Volunteers, interns. If you’re in a corporate situation, you should pay your interns. Make sure they’re learning something.
Many technologies to consider. Don’t believe people who promise their product will solve all your problems.
Tech strategy: Supplies the rationale and priorities for funding, ensures priorities are addressed in a timely and appropriate way.
Needed online catalog access, e-content access, access to sectional libraries, intranet, external web site.
Needed something in the cloud.
Updated to add: I should point out that this session was sponsored by EOS International and that Hulser praised them highly for helping him accomplish his goals. (Additional disclosure: they gave attendees a boxed lunch.) However, many of the principles that Hulser talks about would apply no matter what library database system you use.
What’s it like to work there?
San Diego Zoo “zoobrarian” Amy Jankowski:
Zoo, safari park, Institute for Conservation Research
Library is located at the safari park. Not open to public, just staff, volunteers, and “targeted researchers.”
Library moved from zoo downtown to the safari park.
Horticultural staff, veterinarians, education staff, HR, finance, etc.
Field project staff.
Still get a few periodicals in print.
c.11,000 books, 400 journals.
Archives and rare books.
Historic images: can do reproductions.
clippings, zookeepers’ journals about animals.
Reference, library instruction, tech services, web development, newsletters, etc.
Do outreach to employee lounges about 2-4 times a month.
Web site: http://library.sandiegozoo.org/
Some animals, there’s just not a lot of research. Conservation status, for example, changes.
Monthly newsletter, bi-weekly digest of animal/zoo news.
Small staff, limited budget, small space, geographic distribution of staff.
Mary Ann Williams:
Took tech classes at U. of Michigan: Java, Ruby on Rails.
Digital archivist at Disney. The job description didn’t say archivist or librarian; it was written by engineers. Corporate model was shifting. Networked and was able to move to Disney Animation Research Library. Vault contains art work from beginning of Disney. Built digital image database.
After five years, her goals weren’t the same as the company’s. Moved on to Guthy Renker as digital assets manager.

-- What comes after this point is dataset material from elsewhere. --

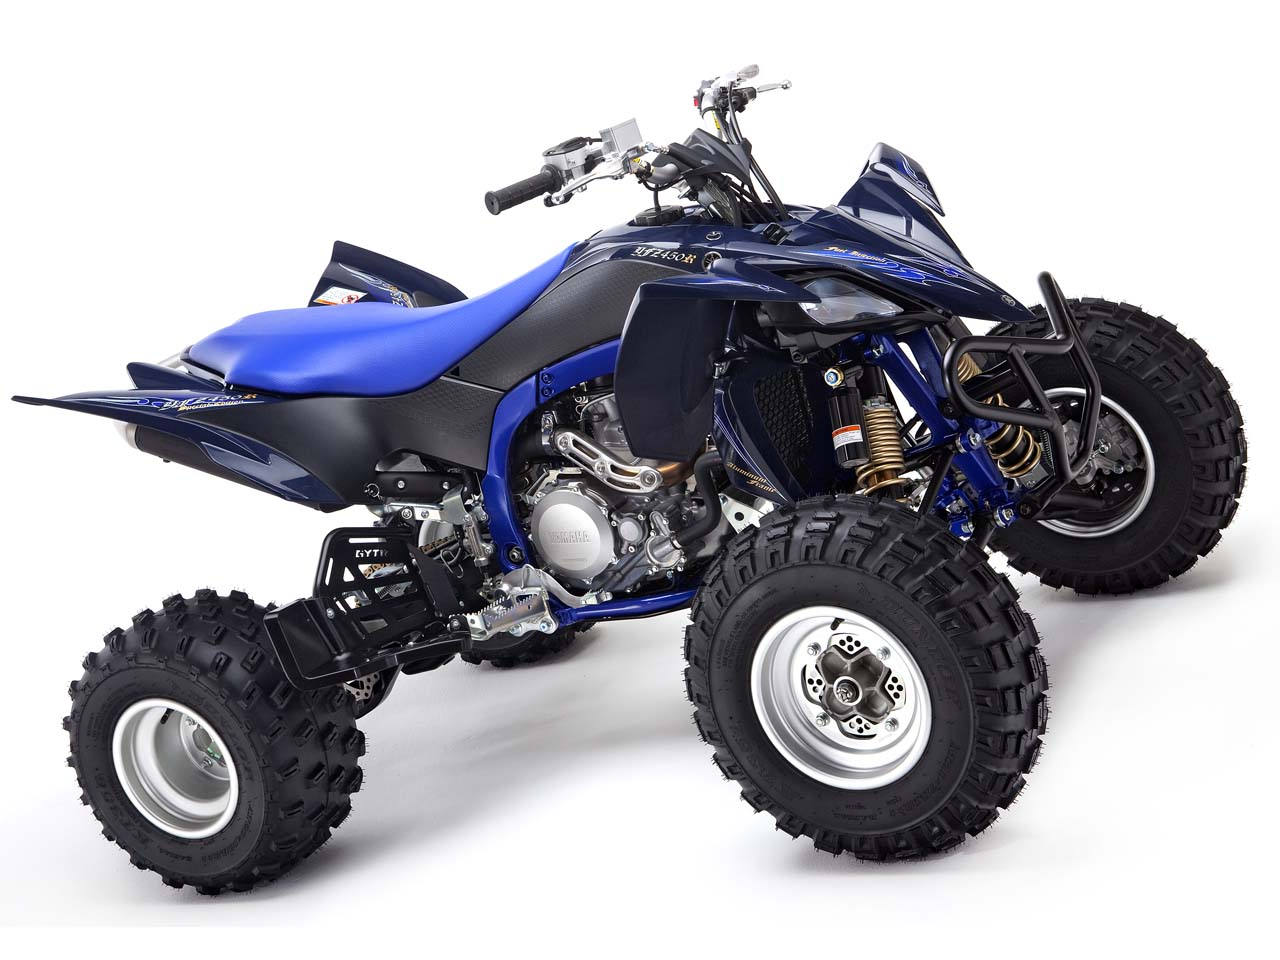 Sand storm yamaha special edition sport atvs atv for Yamaha atv yfz450

Yet to work for someone with an MLIS. Feels it makes her stronger as a librarian, gets to define job and ask for what she needs.
In IT dept. Manages a DAM system.
Does Sharepoint development now.
“My career is meant to evolve beyond the words ‘librarian’ and ‘archivist’.”
She facilitates communication. Thinking about being an independent consultant.
Jon Haupt, wine librarian, Sonoma County Wine Library, Healdsburg:
“Do people check out lunch?”
Interest in food and arts. Was working as a music librarian. Thought he wouldn’t get the wine librarian job.
Convinced wineries and public libraries to open wine library in 1989. Wineries buy subscriptions, friends group.
Other wine libraries: Napa Valley wine library (in public library, not a dedicated librarian), UC Davis, CSU Fresno, Cal Poly Pomona, Wash. State U., Cornell
Collects on all aspects of wine: history, business, etc.
c.60 periodicals, rare books, ephemera.
Index to wine periodical literature: winefiles.org
Amorphous collection policy, changing needs, advisory group, service to wine appreciation folks.
Trying to serve whole region. And with Winefiles, it’s really the only database of its kind.